Required work: The answer is the data below, repeated exactly, with no pictures included.

Material provided:
★ ★ ★

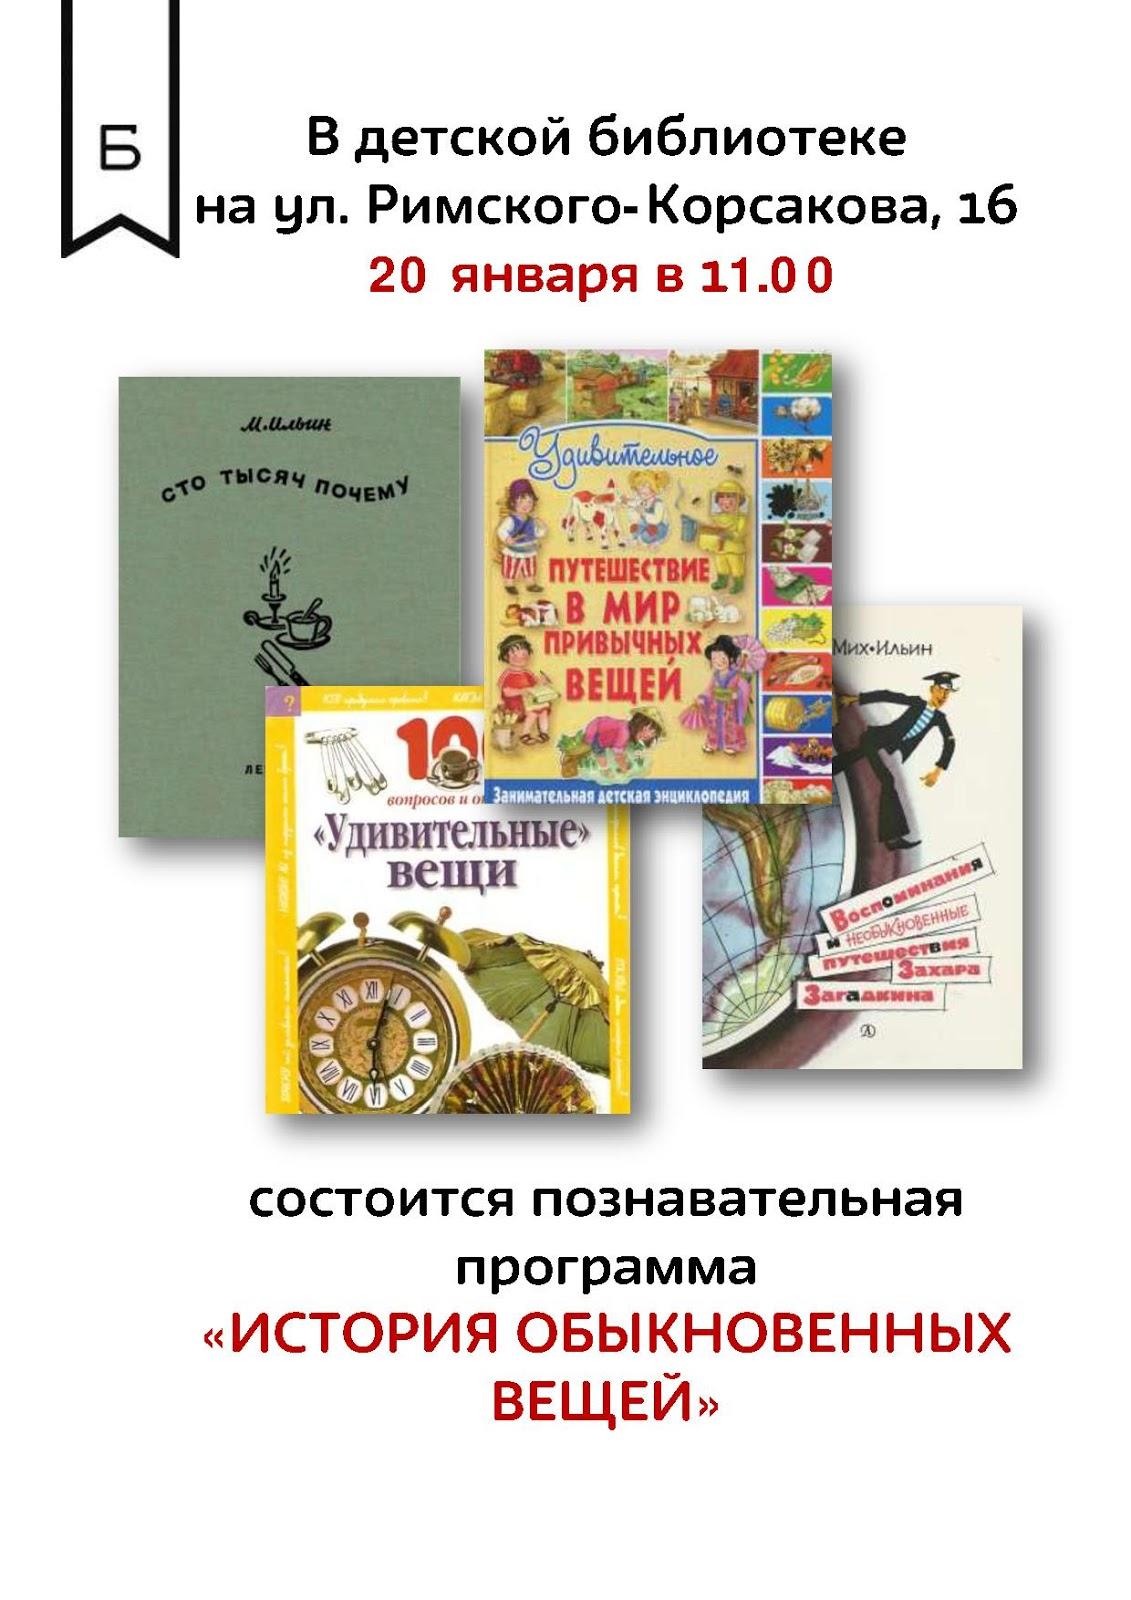 Познавательная программа для детей  состоится в библиотеке района Отрадное
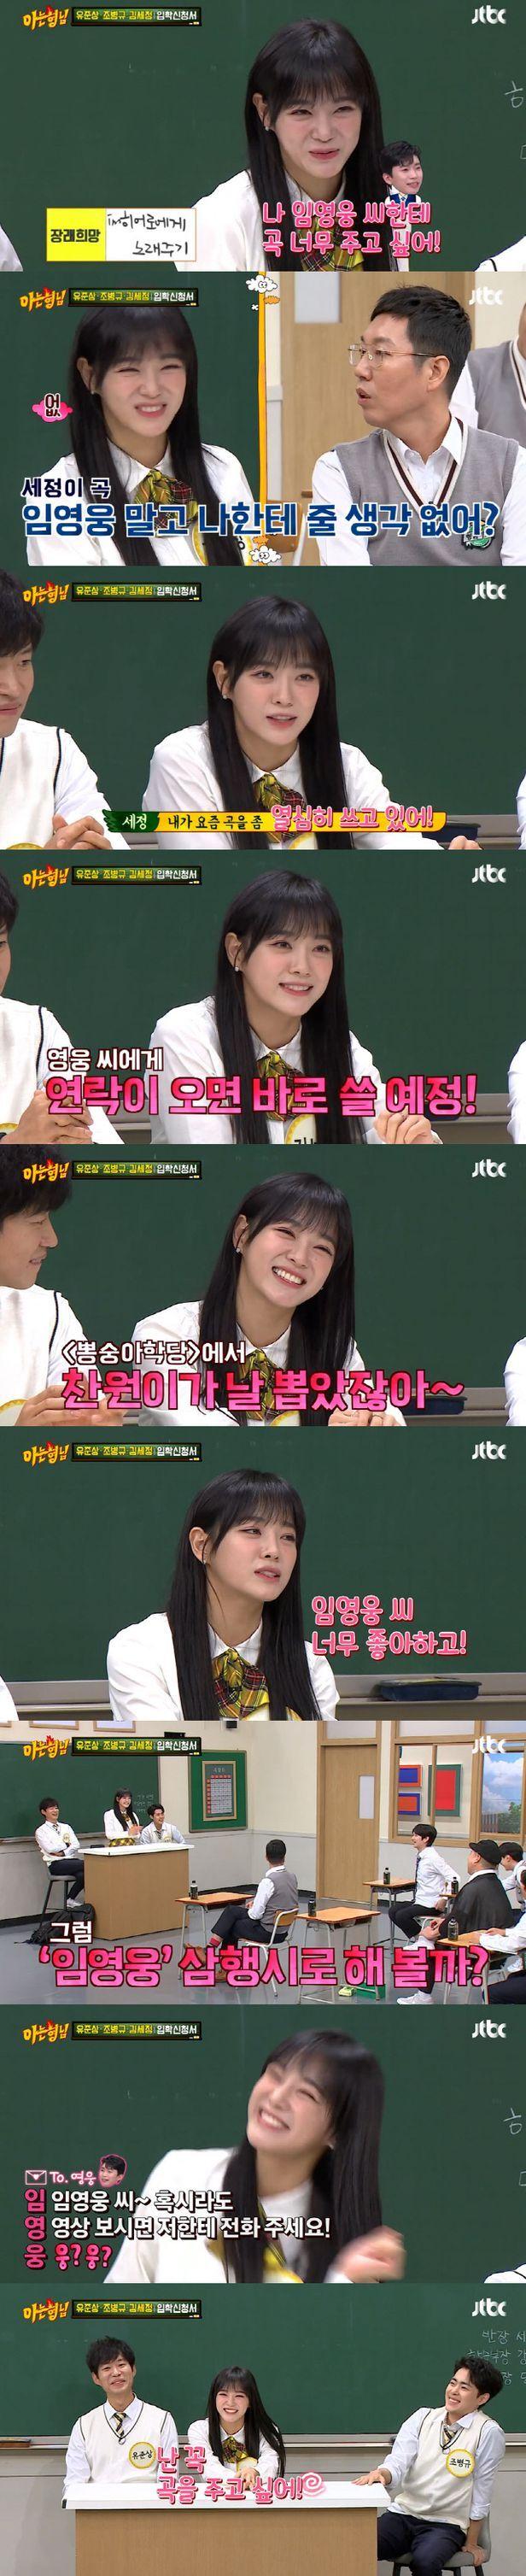 '아형' 김세정, 임영웅 향한 팬심
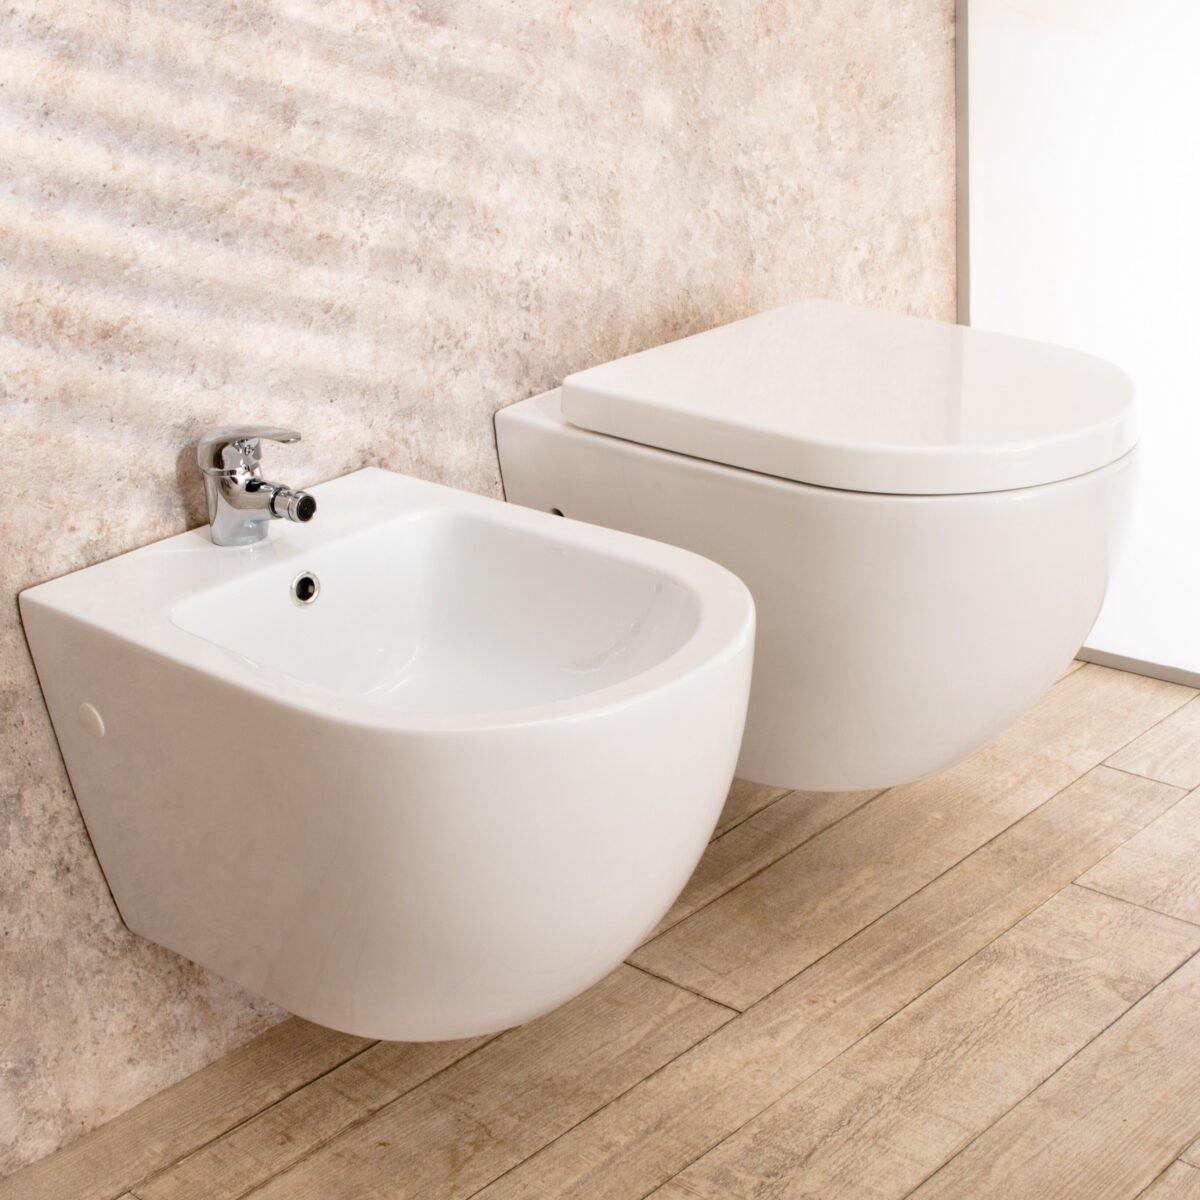 come-ristrutturare-un-bagno-senza-demolizioni-18

★ ★ ★

Exercise result:
 Познавательная программа для детей  состоится в библиотеке района Отрадное
 '아형' 김세정, 임영웅 향한 팬심
 come-ristrutturare-un-bagno-senza-demolizioni-18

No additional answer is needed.